Tracking vehicles across a city using a network of multiple cameras are pivotal for enhancing urban and traffic management systems. However, this task is riddled with challenges such as wide geographical coverage, frequent view obstructions, and the diverse appearances of vehicles from various angles.
To address these complexities, the proposed solution, dubbed Overlapped Vehicle Detection and Tracking using Multimodal Contrastive Domain Sharing Generative Adversarial Network optimized with Efficient Multi-camera system (MCDS-GAN), leverages cutting-edge techniques from computer vision, image processing, machine learning, and sensor fusion. This advanced system detects and tracks vehicles even in scenarios where multiple camera views overlap, making it applicable across domains like traffic management, surveillance, and autonomous vehicles.

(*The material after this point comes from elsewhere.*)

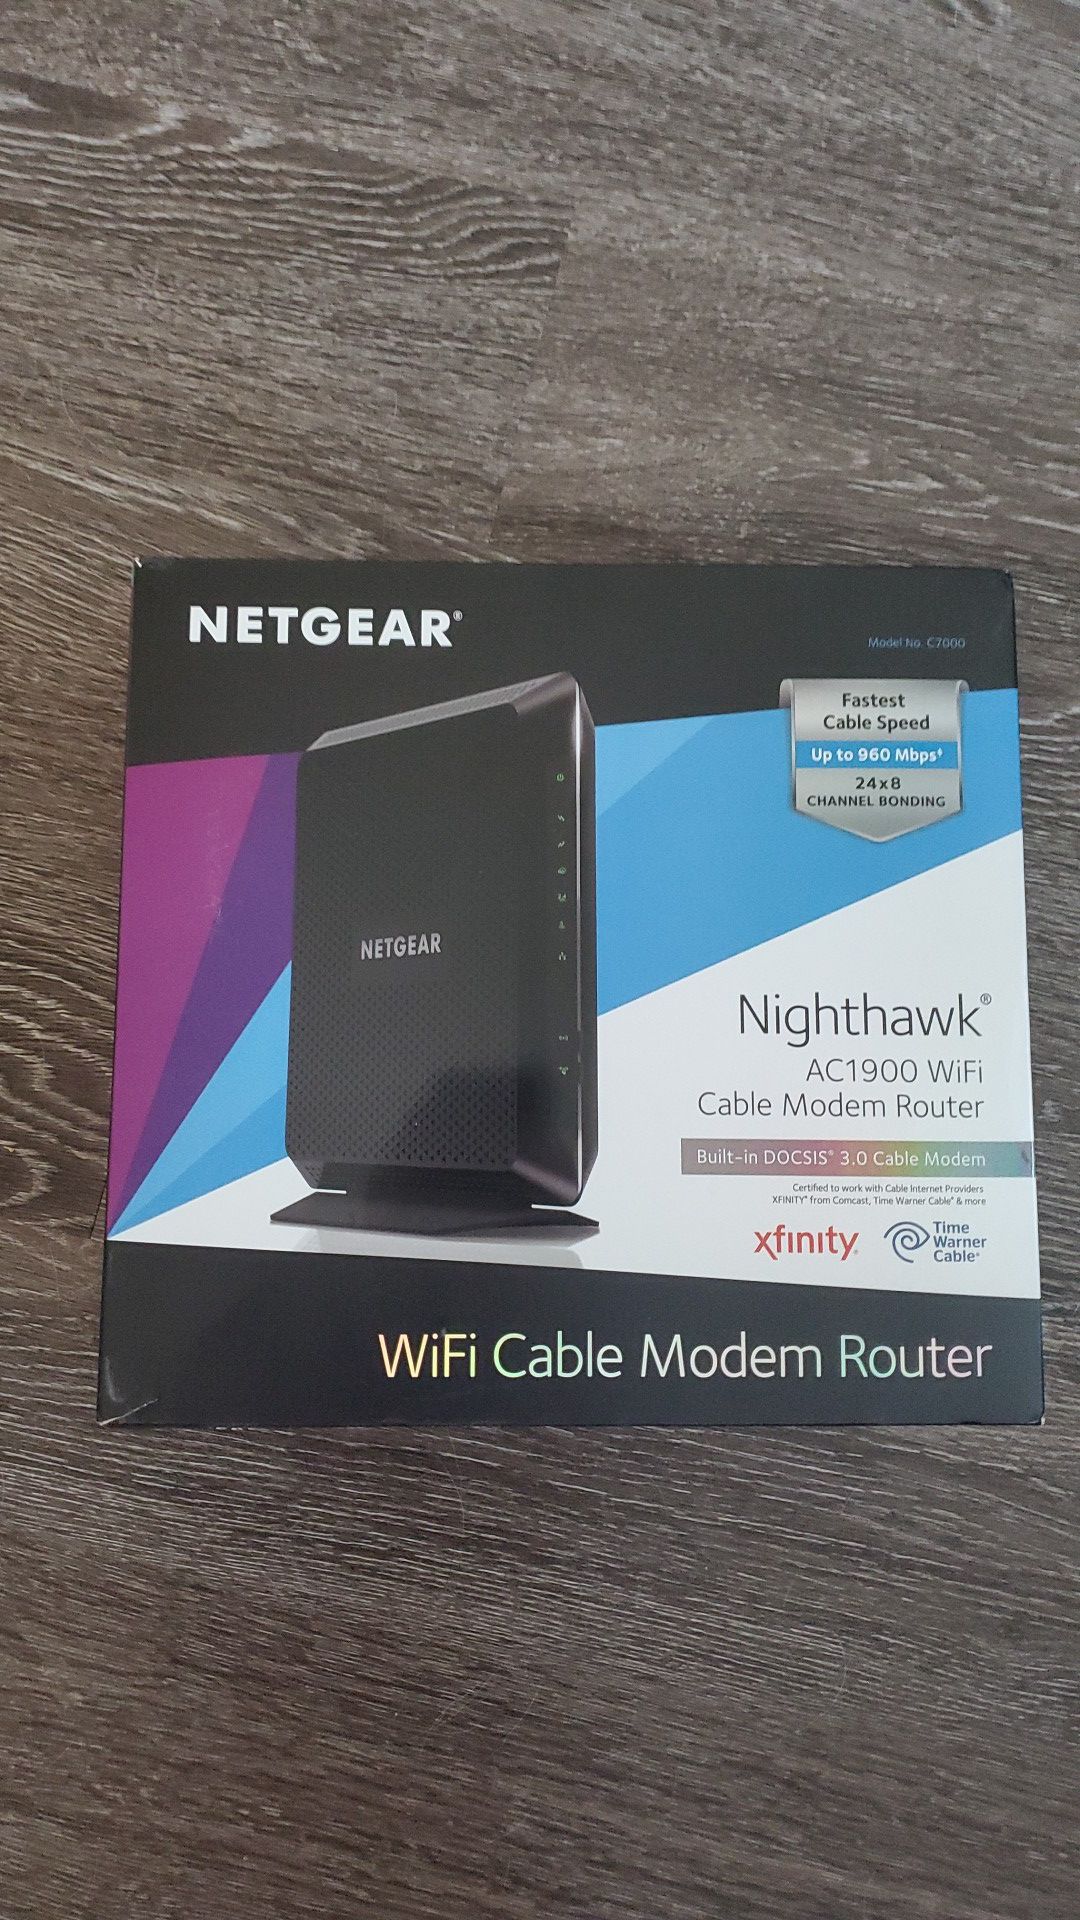 Netgear Nighthawk Router and Modem

The methodology involves utilizing datasets like Common Objects in Context and ImageNet for training. Detection and tracking are performed using the Multimodal Contrastive Domain Sharing Generative Adversarial Network, followed by vehicle re-identification facilitated by the Topological Information Embedded Convolution Neural Network (TIE-CNN).

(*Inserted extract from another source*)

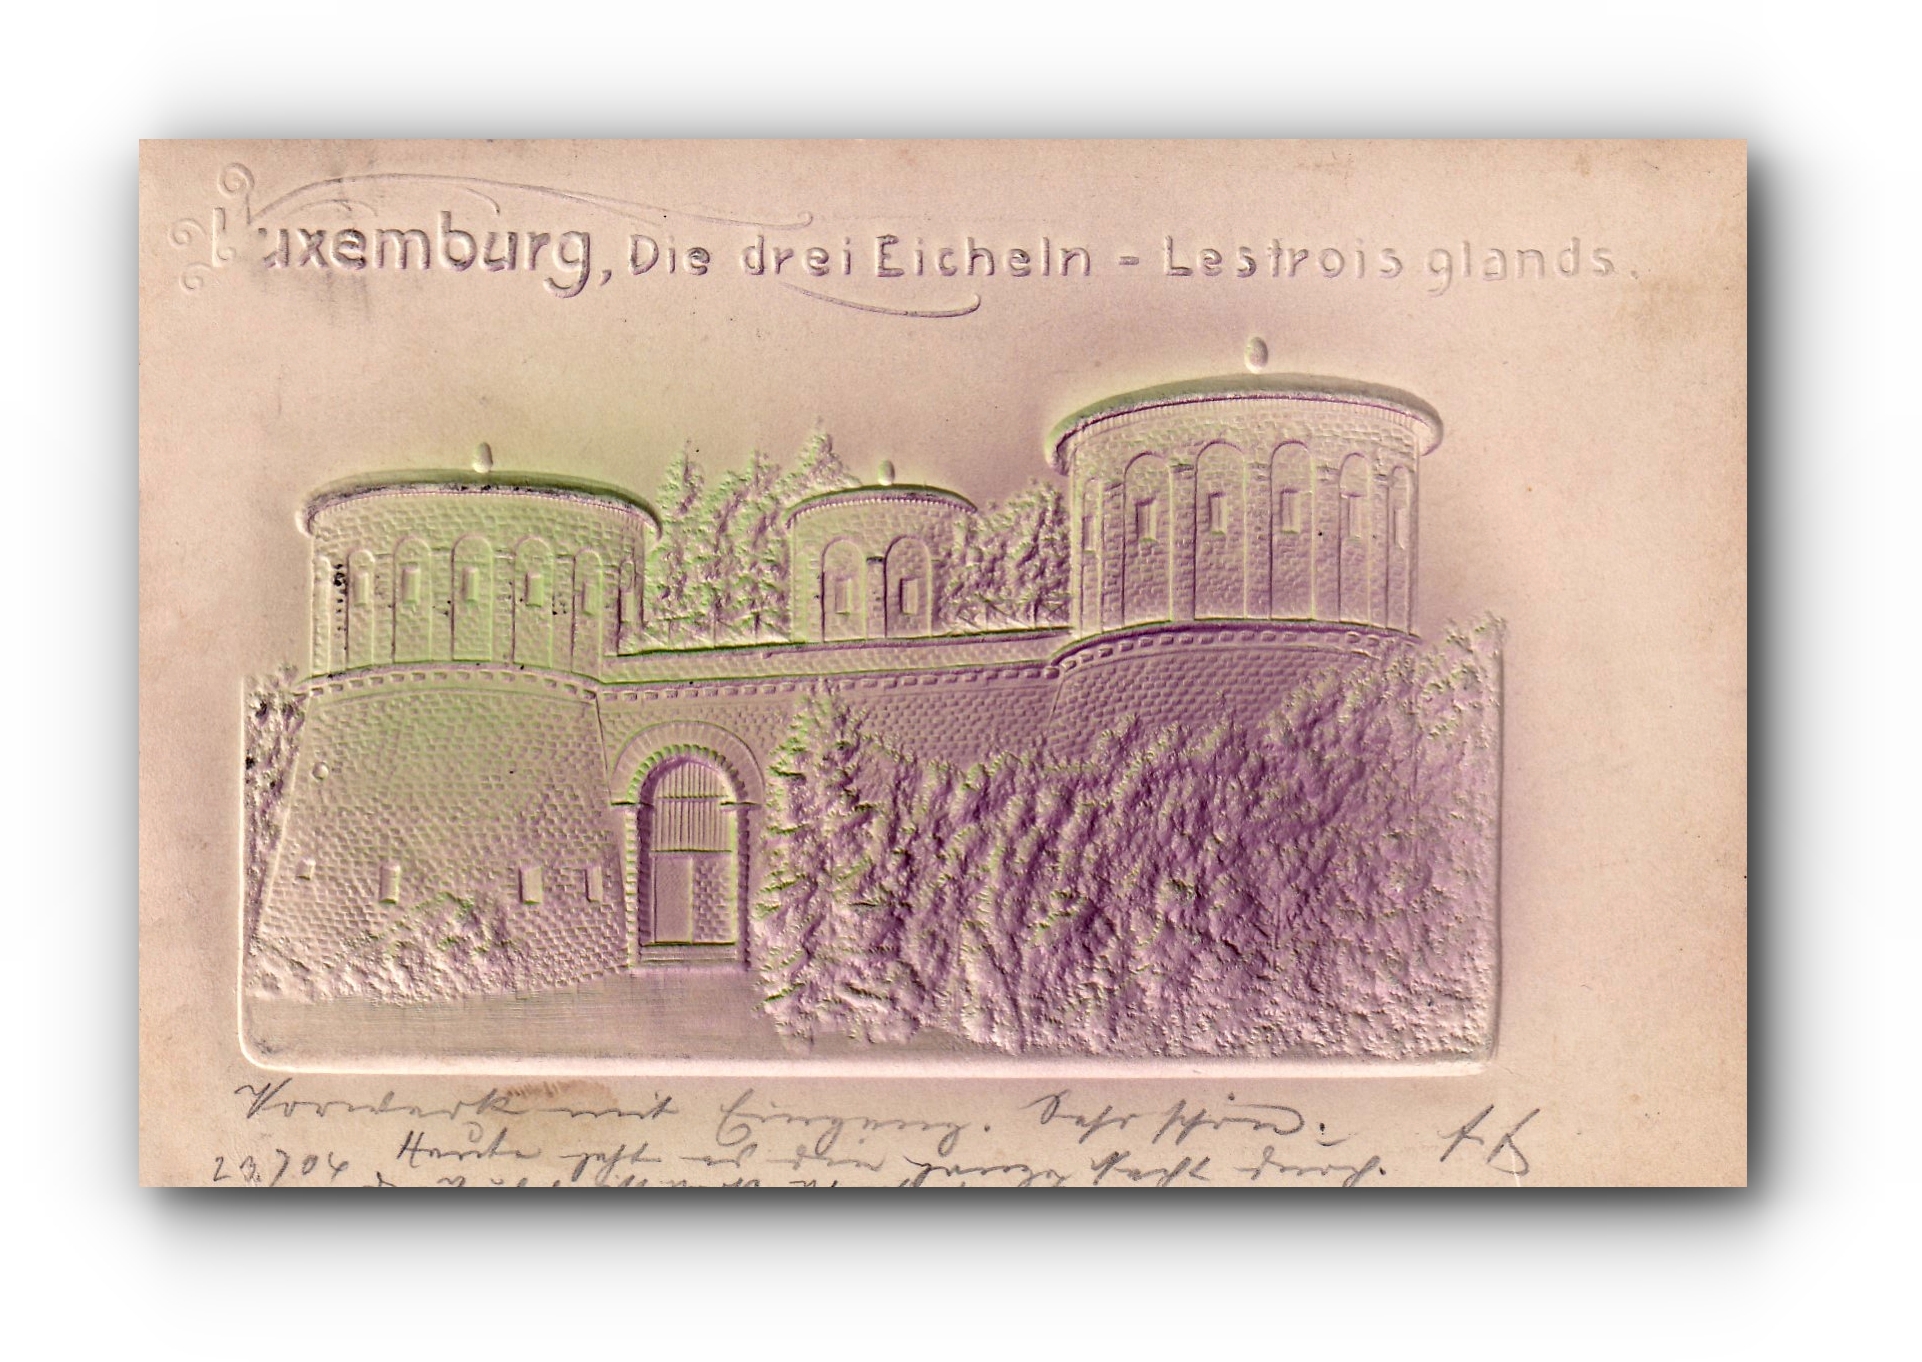 - Die drei Eicheln - Les trois glands - LUXEMBURG - carte relief - 24.07.1904 -

Moreover, optimization techniques are employed to ensure synchronization and efficiency within the system. Implemented in Python, the effectiveness of MCDS-GAN is rigorously evaluated using metrics such as Accuracy, Precision, Recall, Latency, Response Time, and Scalability. Simulation results showcase its superiority, achieving significantly higher accuracy rates compared to existing methods such as OC-MCT-OFOV, MT-MCT-VM-CLM, and TI-VRI.